- **Data provided**
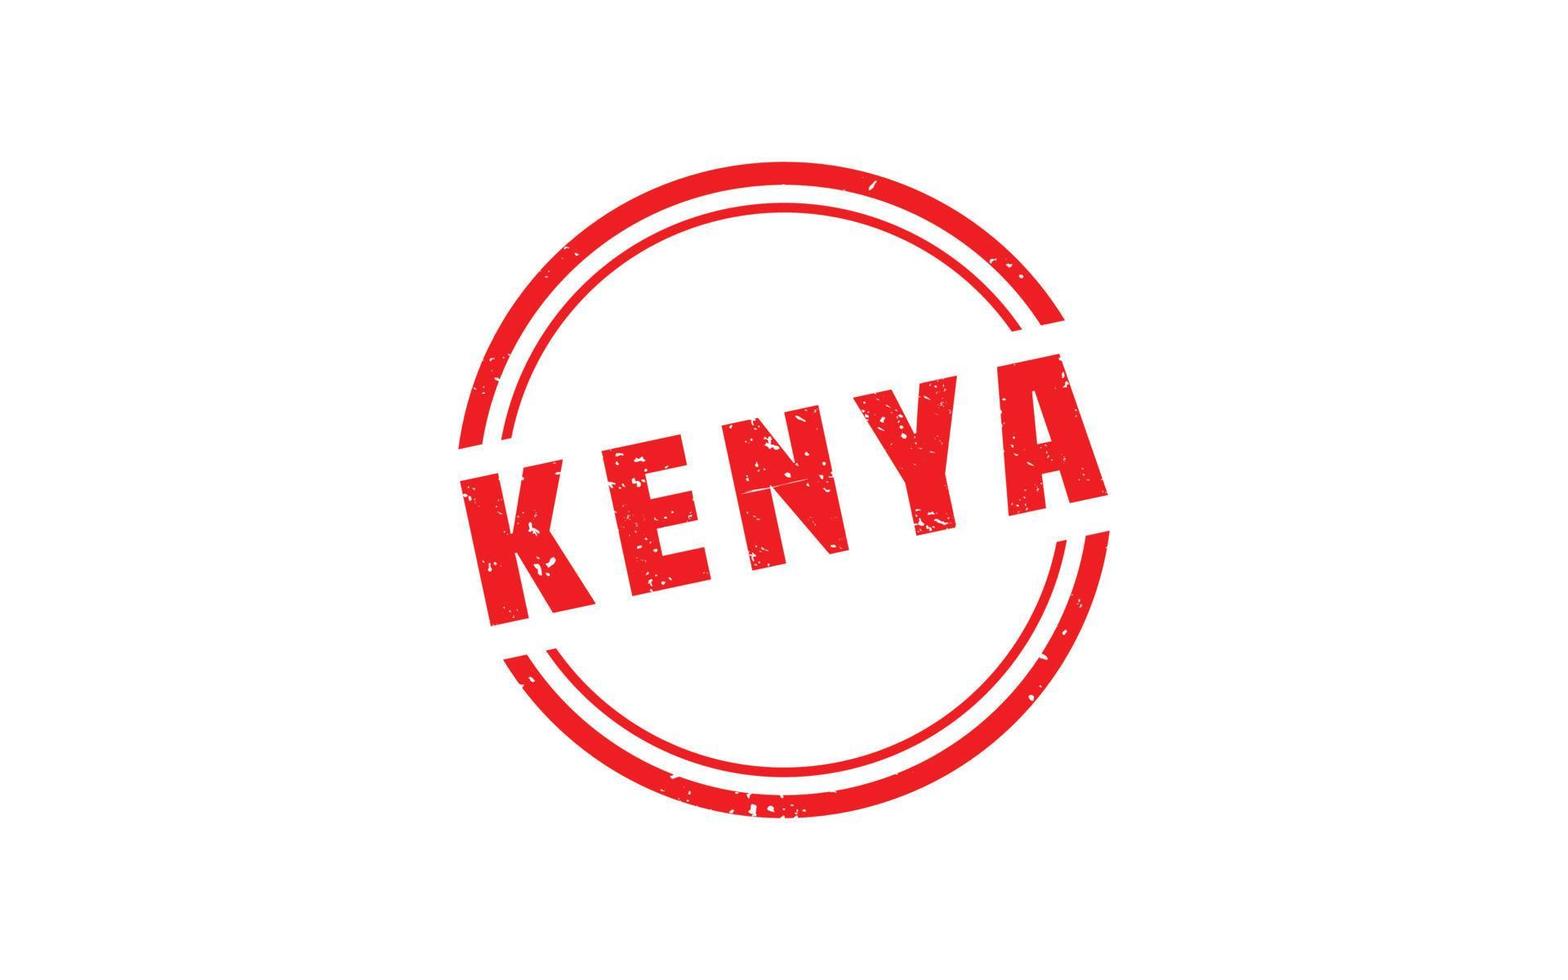 goma de sello de kenia con estilo grunge sobre fondo blanco vector
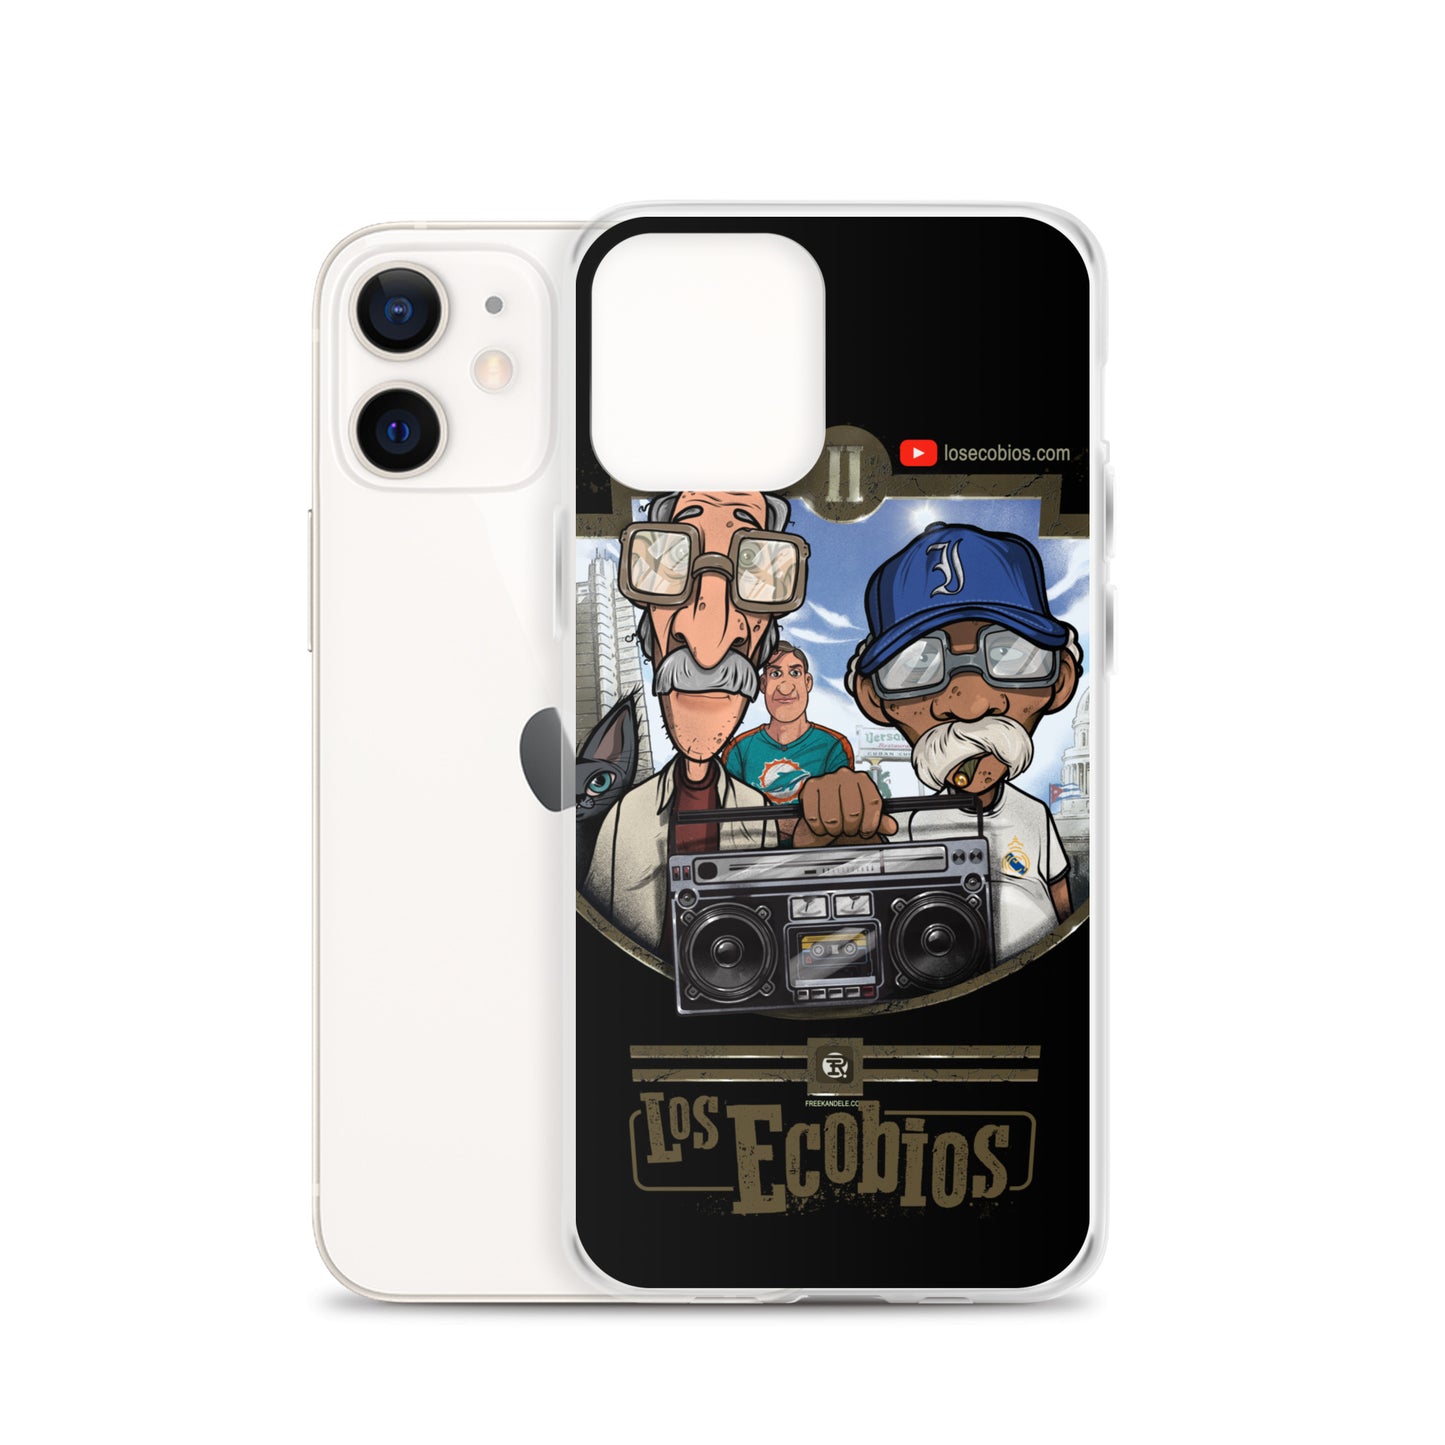 "Los Ecobios" Classic iPhone Case
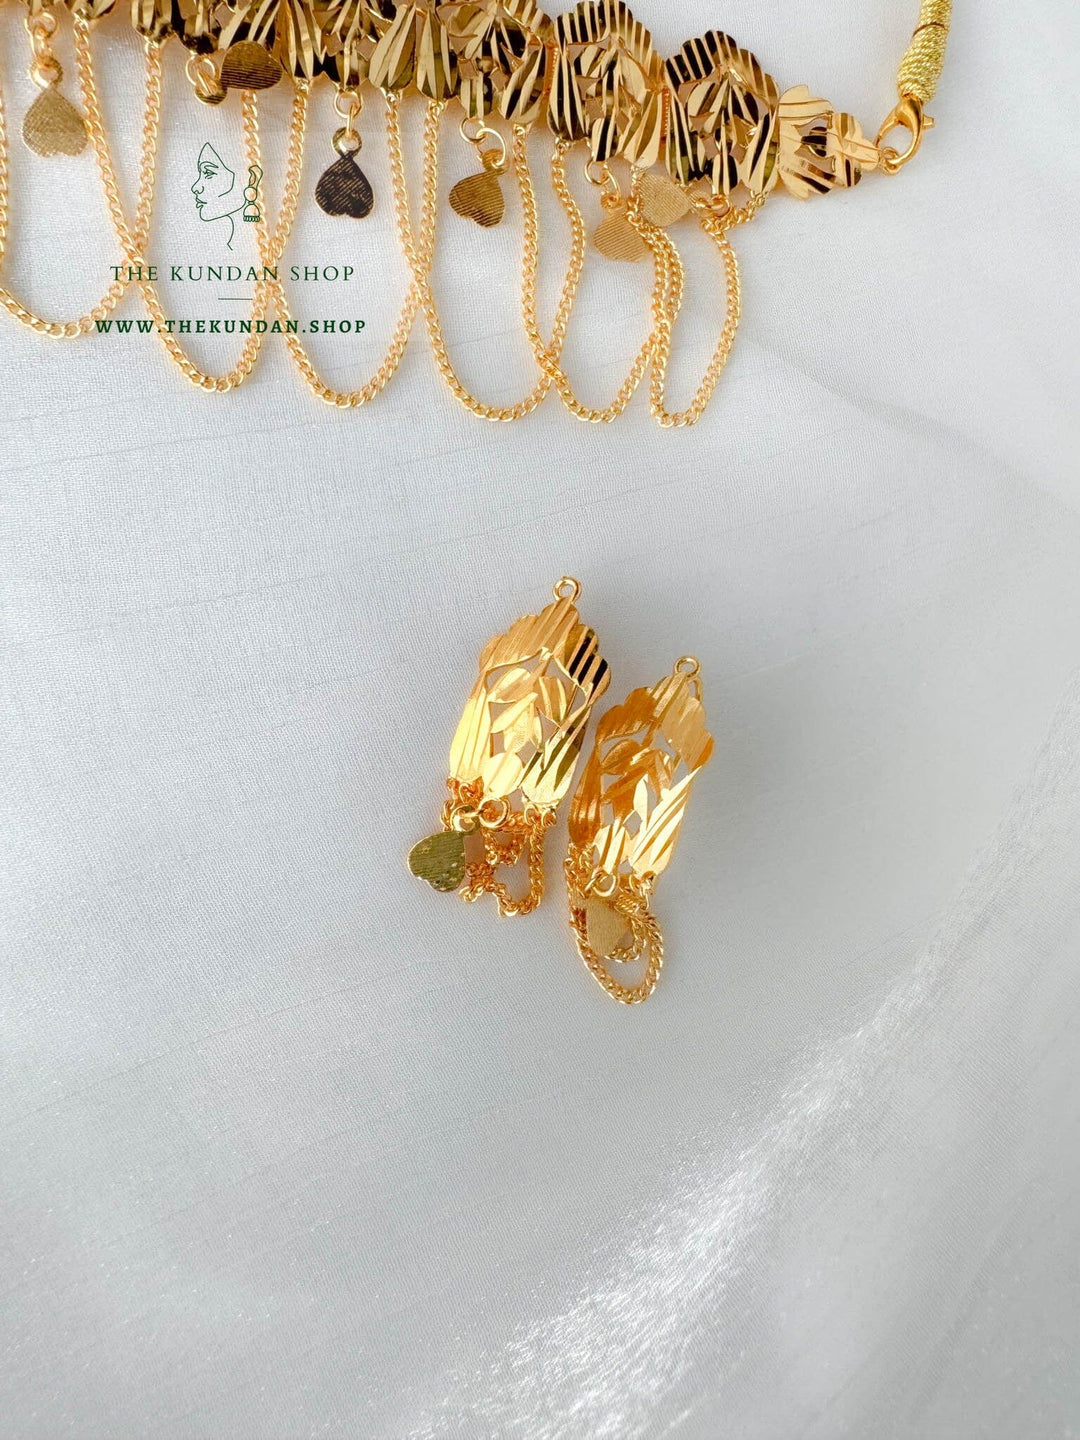 Golden Chain Drops Necklace Sets THE KUNDAN SHOP

- **What is needed**
Reproduce every line of the data above, exactly as it stands, but not the pictures.

- **The answer**
 goma de sello de kenia con estilo grunge sobre fondo blanco vector
 "Los Ecobios" Classic iPhone Case
 Golden Chain Drops Necklace Sets THE KUNDAN SHOP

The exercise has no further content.